Прим зажег лампу, висевшую посреди комнаты, которая разлила яркий веселый свет, надел саблю и только хотел выйти из домика на площадку, как услыхал голоса и стук копыт. Он поспешно запер двери и пошел навстречу к приближающимся, чтобы узнать, кто они.
Красноватый свет факелов показался между деревьев. Прим узнал несколько озабоченных адъютантов и лакеев, нашедших среди леса лошадей королевы и графа Рейса и опасавшихся несчастья.
Серрано и Олоцага убили рысь, которую привязанные лошади все еще боялись, и подошли к древесному домику.
Прим велел подавать лошадей, сообщив офицерам о происшествии с королевой, и затем снова пошел в домик, чтобы доложить королеве, что лакеи с лошадьми ожидают ее у дверей.
Усталая и ослабевшая, королева поблагодарила маршала за его заботы и прибавила, шутя, что он один оказался ей полезней и приятней, чем вся остальная масса окружающих ее придворных докторов, придворных дам, адъютантов и камергеров.
Когда Изабелла выходила из домика, чтобы при красноватом свете факелов сесть на лошадь, подошли Олоцага и Серрано, чтобы осведомиться о здоровье королевы.
Королева не только не жаловалась на последствия ее падения в Эскуриалском лесу, но еще выразила провожавшей ее свите, что ей было бы весьма приятно, если бы скорее прекратили всякие разговоры об этом незначительном падении. Серрано молча смотрел на Изабеллу и Прима.
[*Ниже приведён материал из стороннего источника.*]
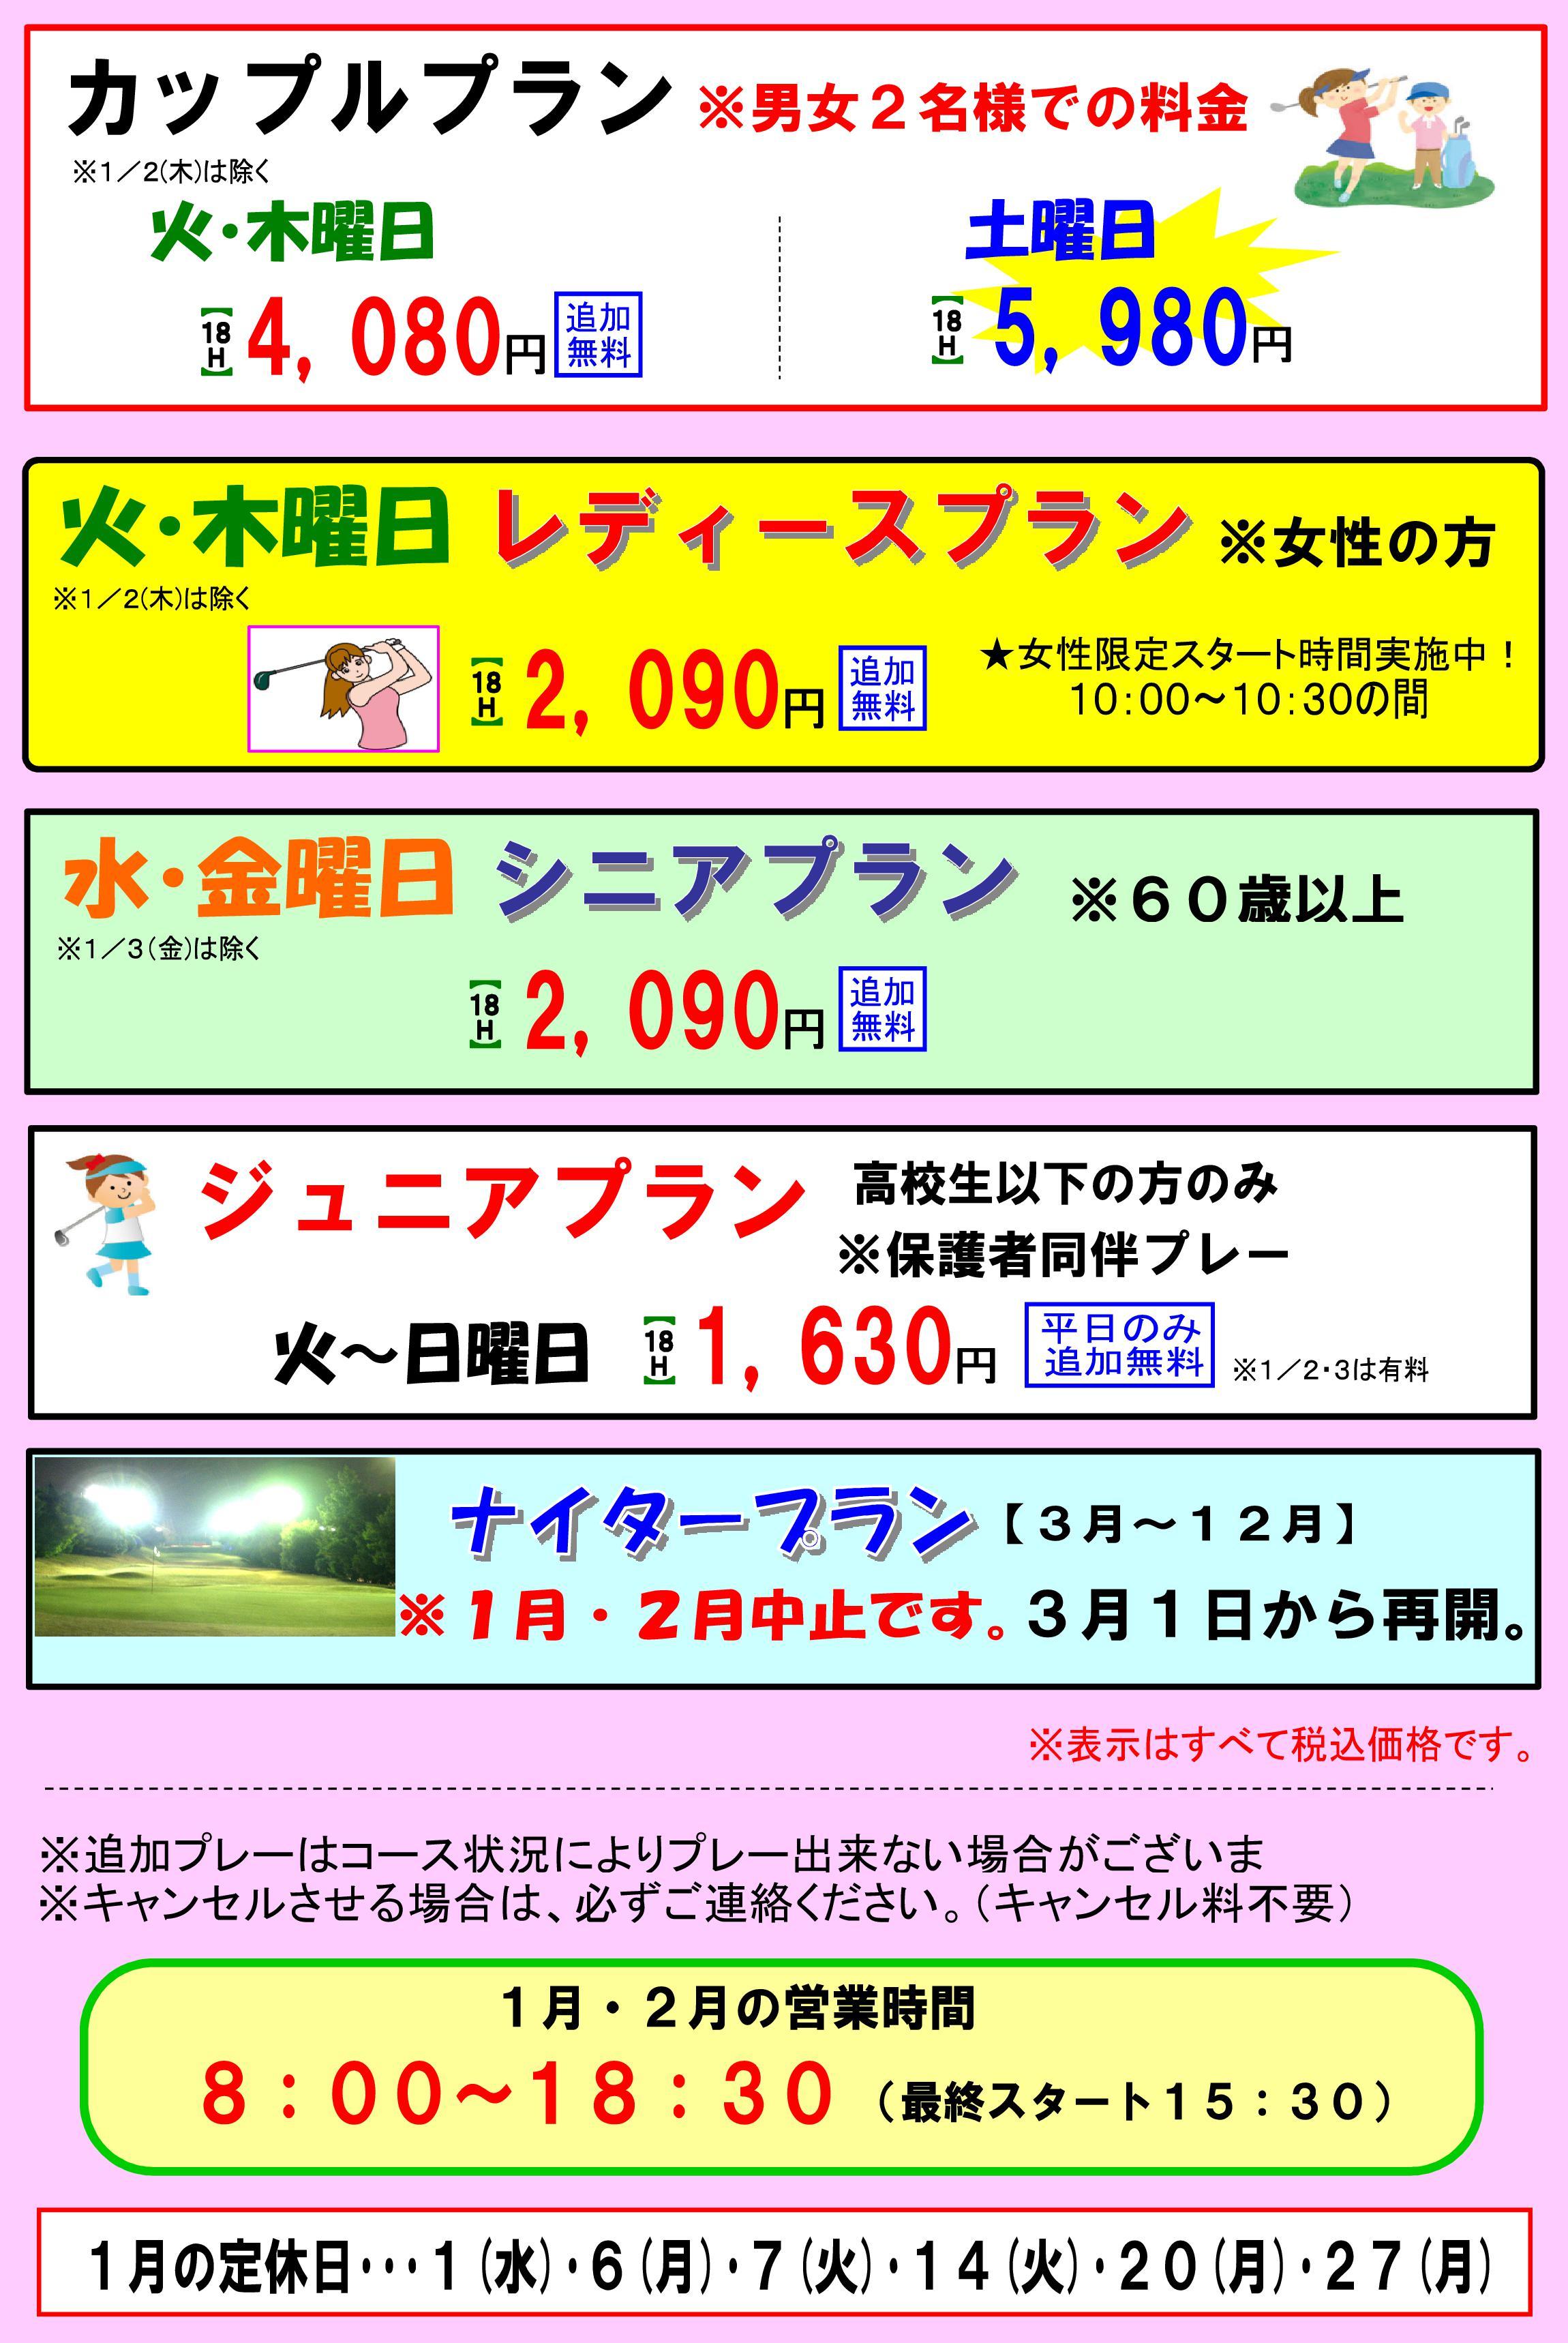 割引料金2019 HPアップ用-002

Будь он еще, как прежде, страстно влюблен в Изабеллу, он имел бы основания к сильнейшей ревности.
Однако Франциско Серрано остался задумчив и сдержан, может быть, потому, что мысли его были заняты воспоминаниями о его первой любви, об Энрике, которая была жива, в чем он более не сомневался. Хотя все его поиски остались тщетными, он не терял надежды найти ее.
Несмотря на эту надежду, тоска все-таки тайно терзала его сердце, тоска о потерянном ребенке, из-за которого Энрике так тяжело пришлось страдать.
— Я найду тебя, моя страдалица, и мучения твои наконец прекратятся! Пресвятая Дева да хранит тебя пока ты далеко от меня и да поможет мне в тысячу раз наградить тебя за все твои страдания!
Так молился маршал Испании, когда вошел в свою роскошную, сиявшую бархатом и золотом спальню, лег на шелковые подушки и легко погрузился в светлое воспоминание о возлюбленной его молодости, которая более чем прежде была звездой его жизни.
ЧЕРНАЯ ТЕНЬ
Жадно впивая в себя воздух свободы, которым так давно не дышалось, вышел Аццо в сопровождении замаскированного представителя Летучей петли из ворот монастырской ограды на улицу Фобурго и, пройдя несколько шагов, упал без чувств на мостовую.
Влияние спертого, дурного воздуха, так долго давившего цыгана в подземелье Санта Мадре, произвело свое действие: несчастный, бледный, с изможденным от пытки телом Аццо не мог держаться на ногах.